§ Your objective
Transcribe the entries below exactly, starting with the line that has "Miami Florida Skyline" and stopping after the line that has "TAMBU HUSIR Air"; no pictures belong in the copy.

━━━━━ Exercise data ━━━━━

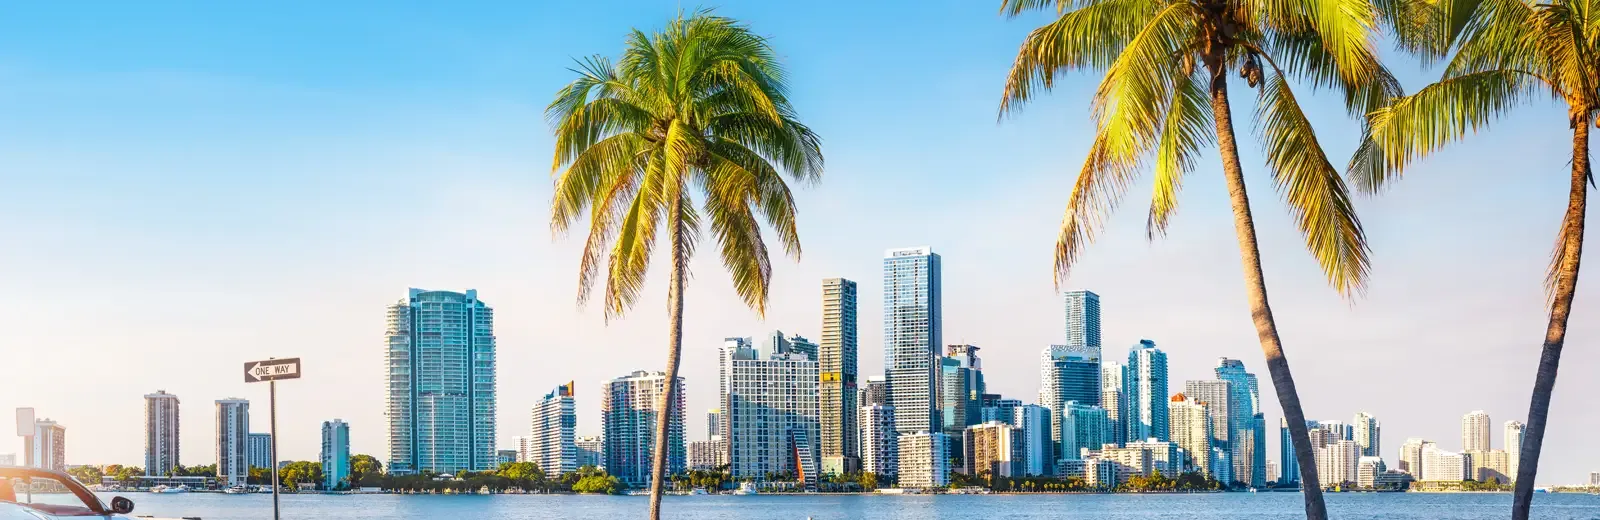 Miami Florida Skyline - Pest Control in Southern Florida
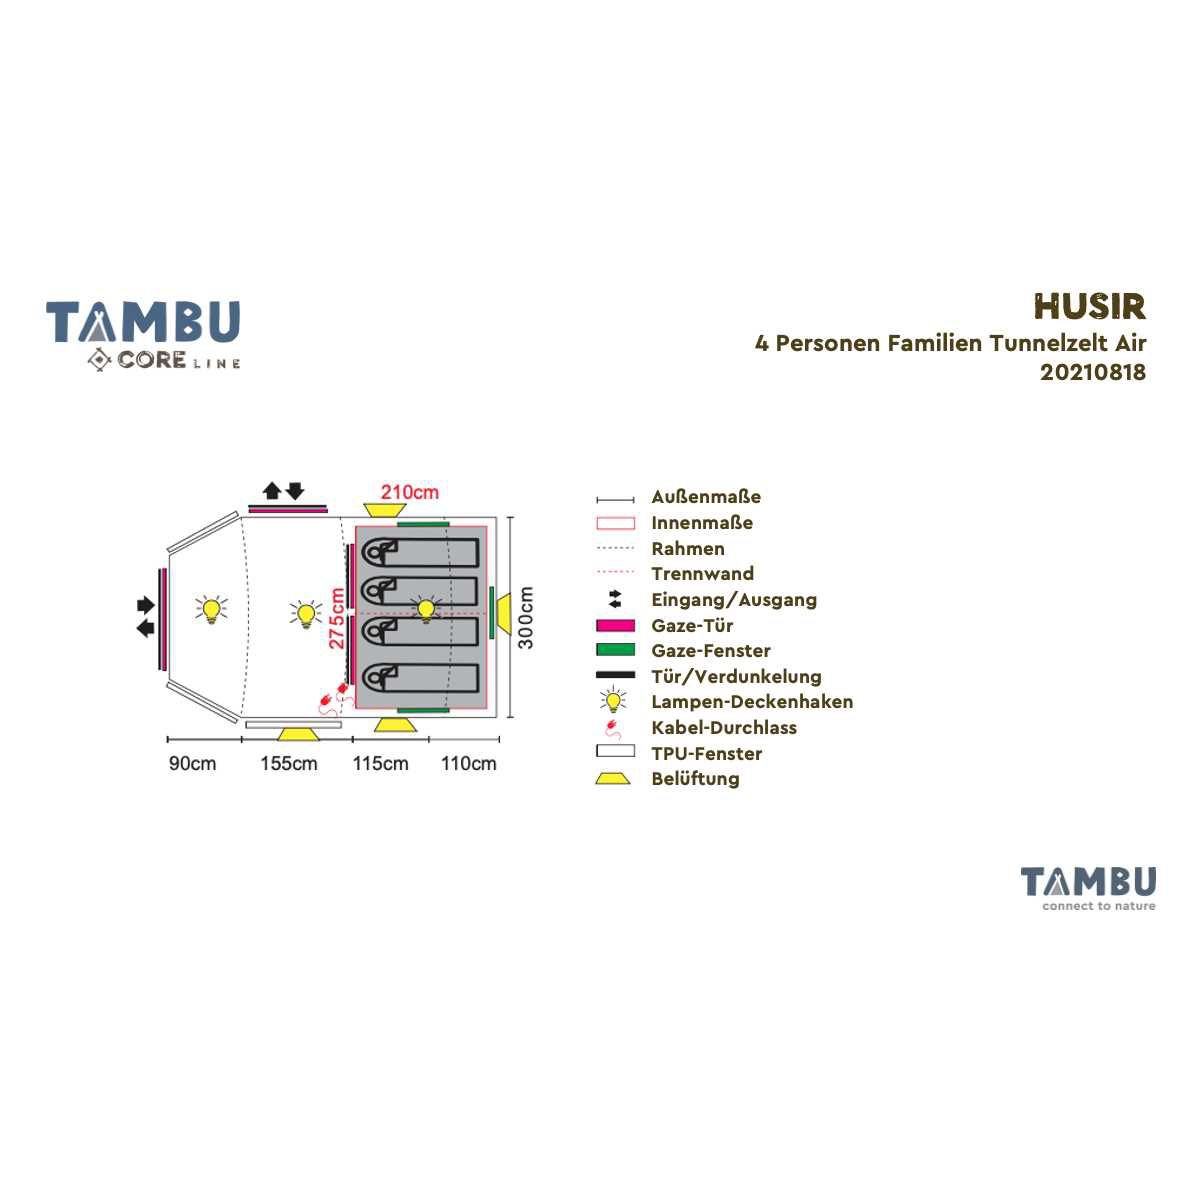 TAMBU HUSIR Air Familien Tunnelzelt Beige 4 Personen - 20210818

━━━━━
━━━━━ Exercise data ━━━━━

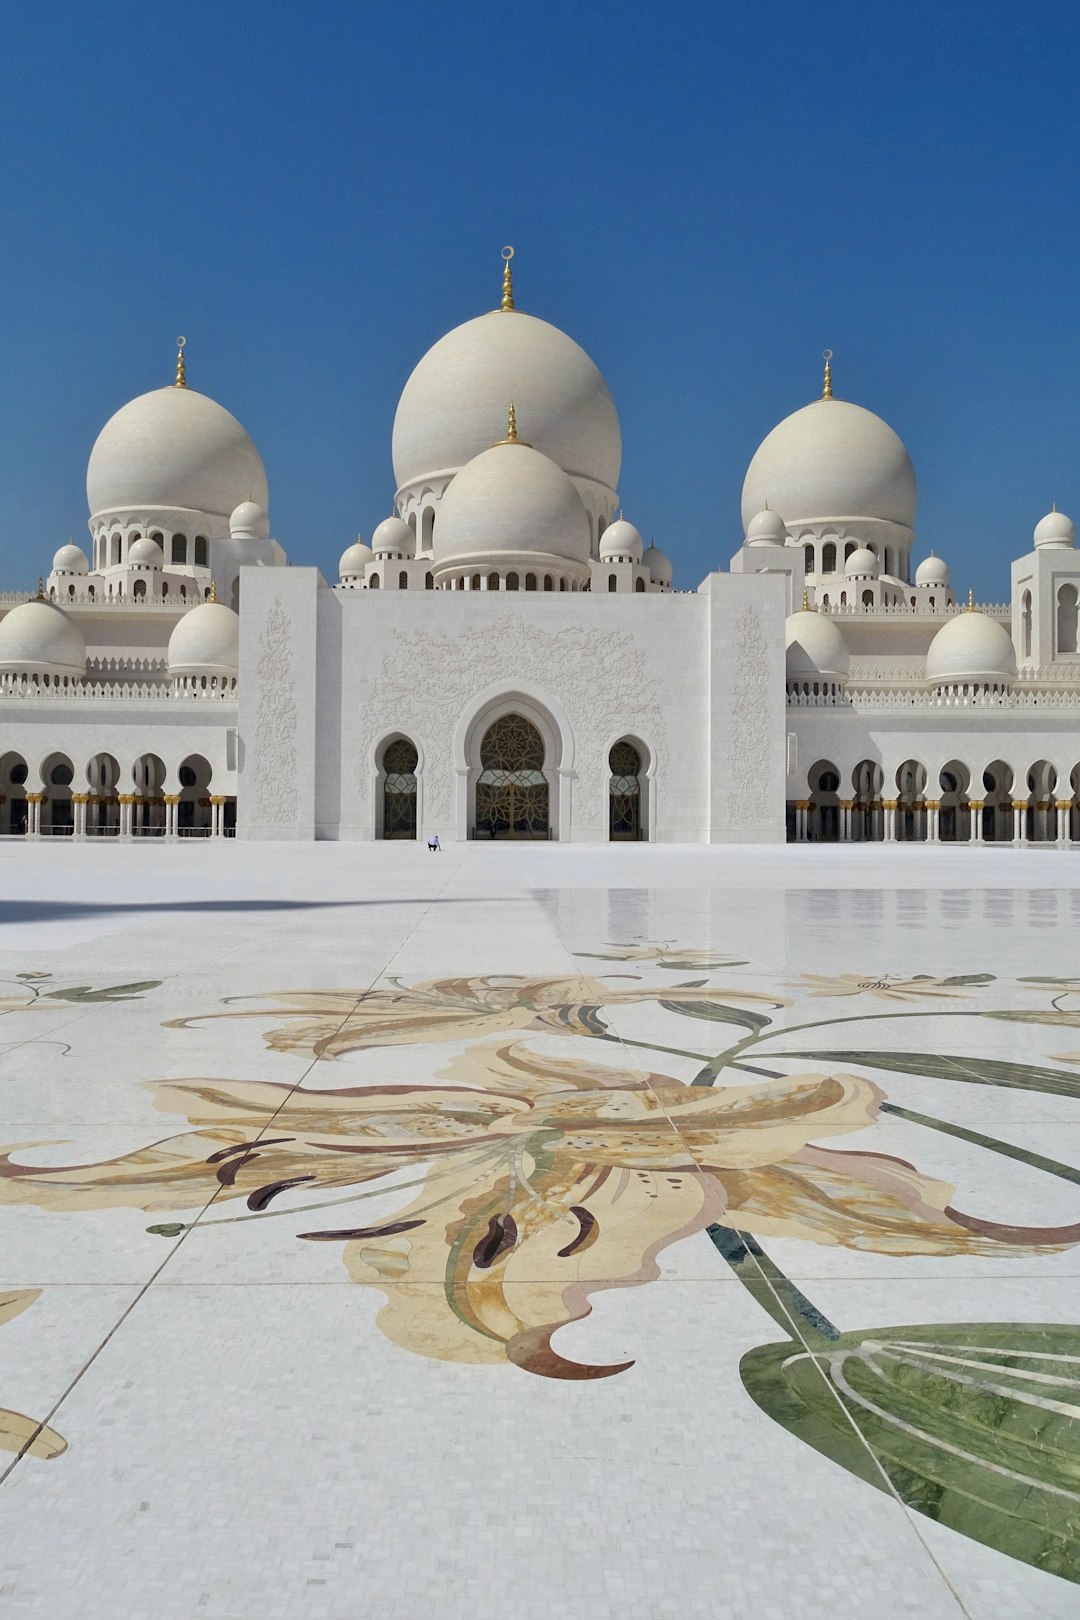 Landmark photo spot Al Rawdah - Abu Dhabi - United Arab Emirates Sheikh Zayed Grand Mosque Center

━━━━━
━━━━━ Exercise data ━━━━━

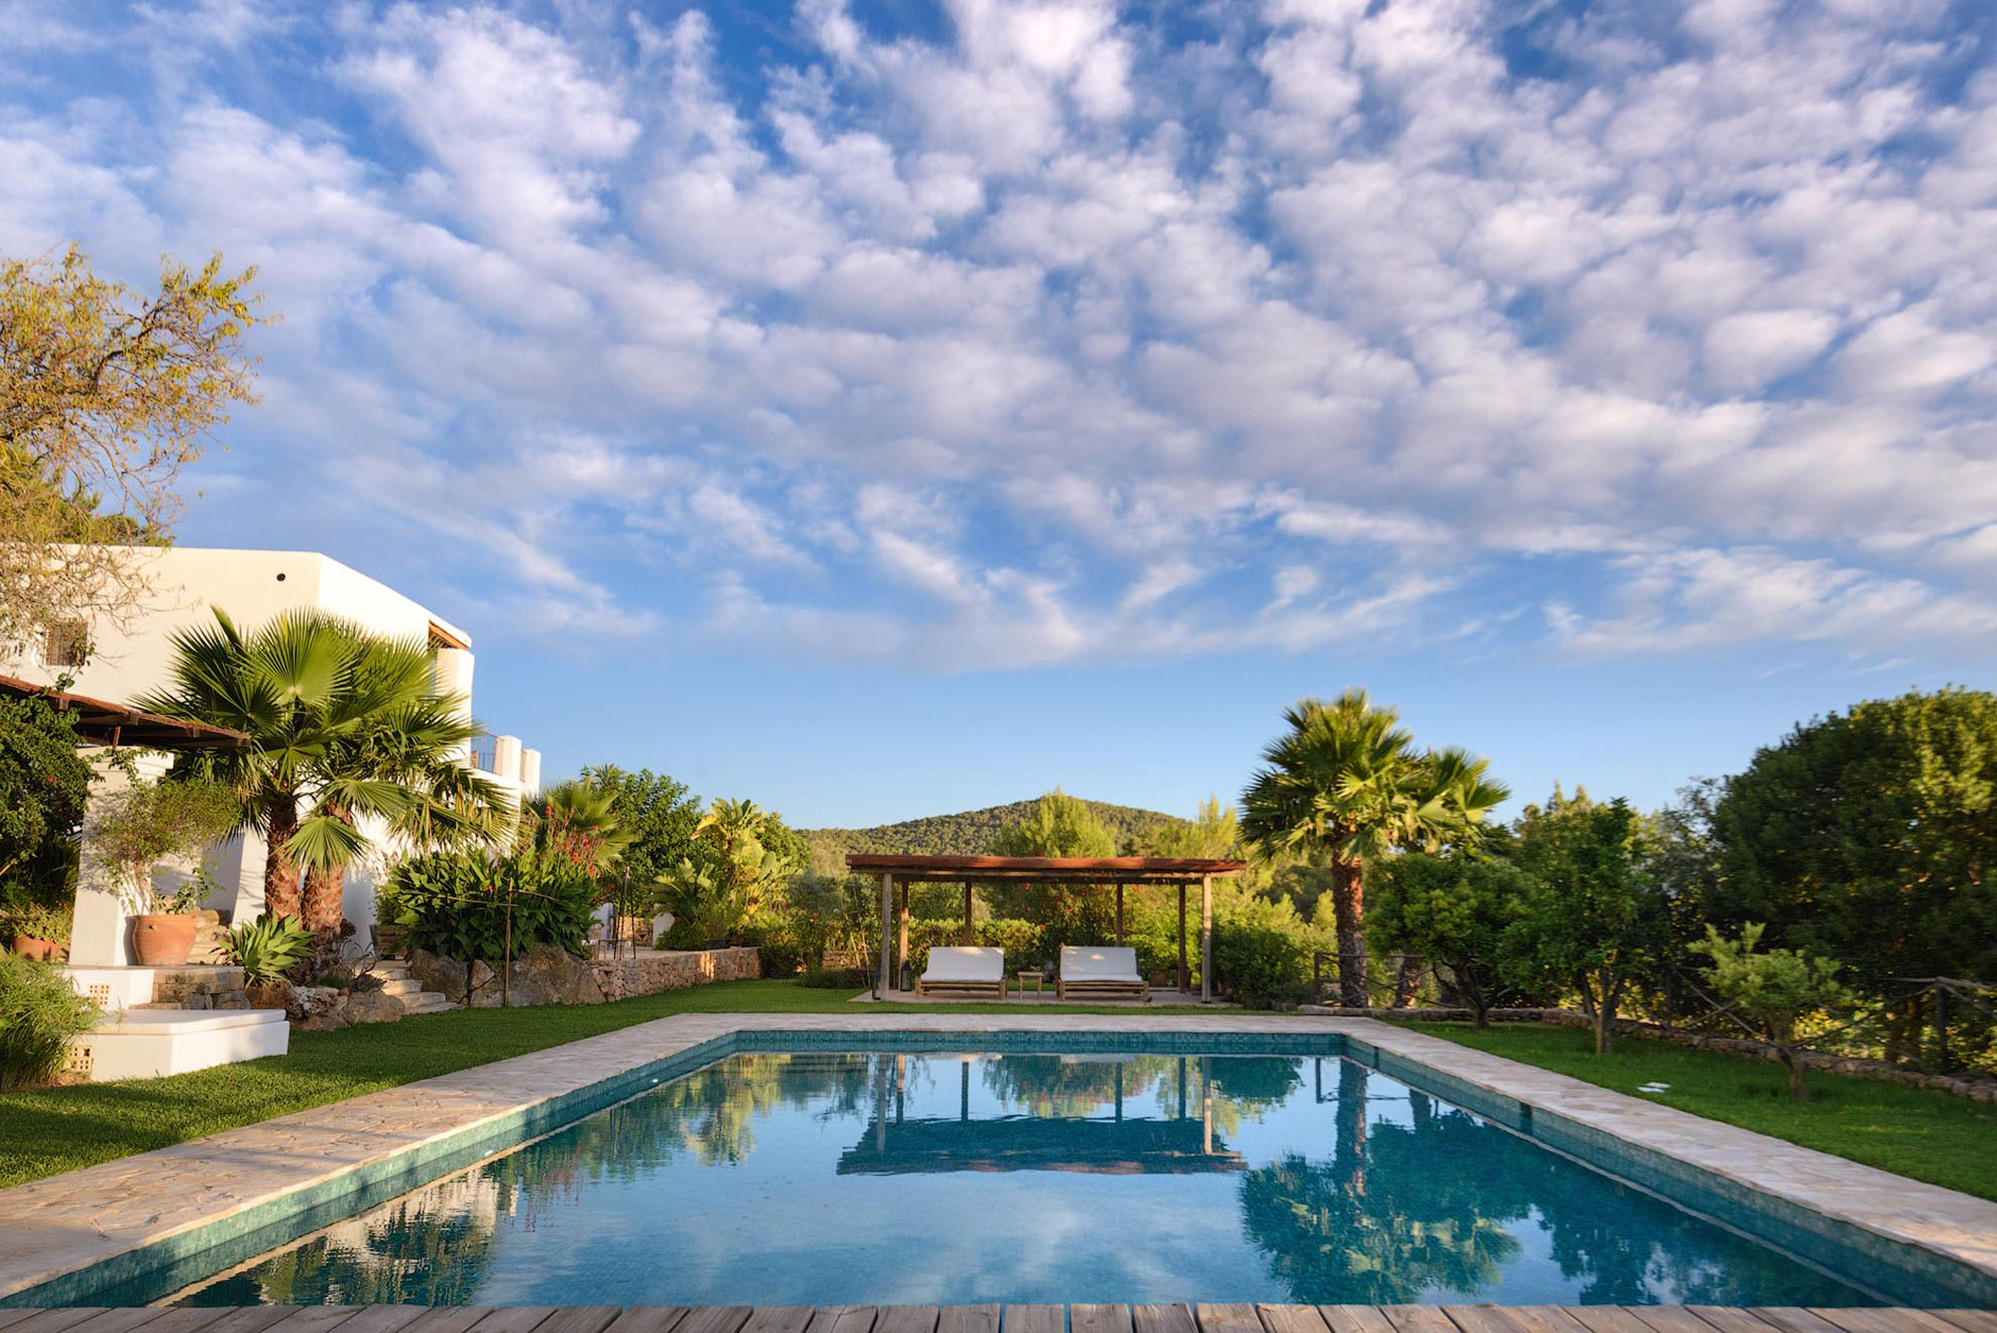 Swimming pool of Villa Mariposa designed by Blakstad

━━━━━

§ Solution to this problem
 Miami Florida Skyline - Pest Control in Southern Florida
 TAMBU HUSIR Air Familien Tunnelzelt Beige 4 Personen - 20210818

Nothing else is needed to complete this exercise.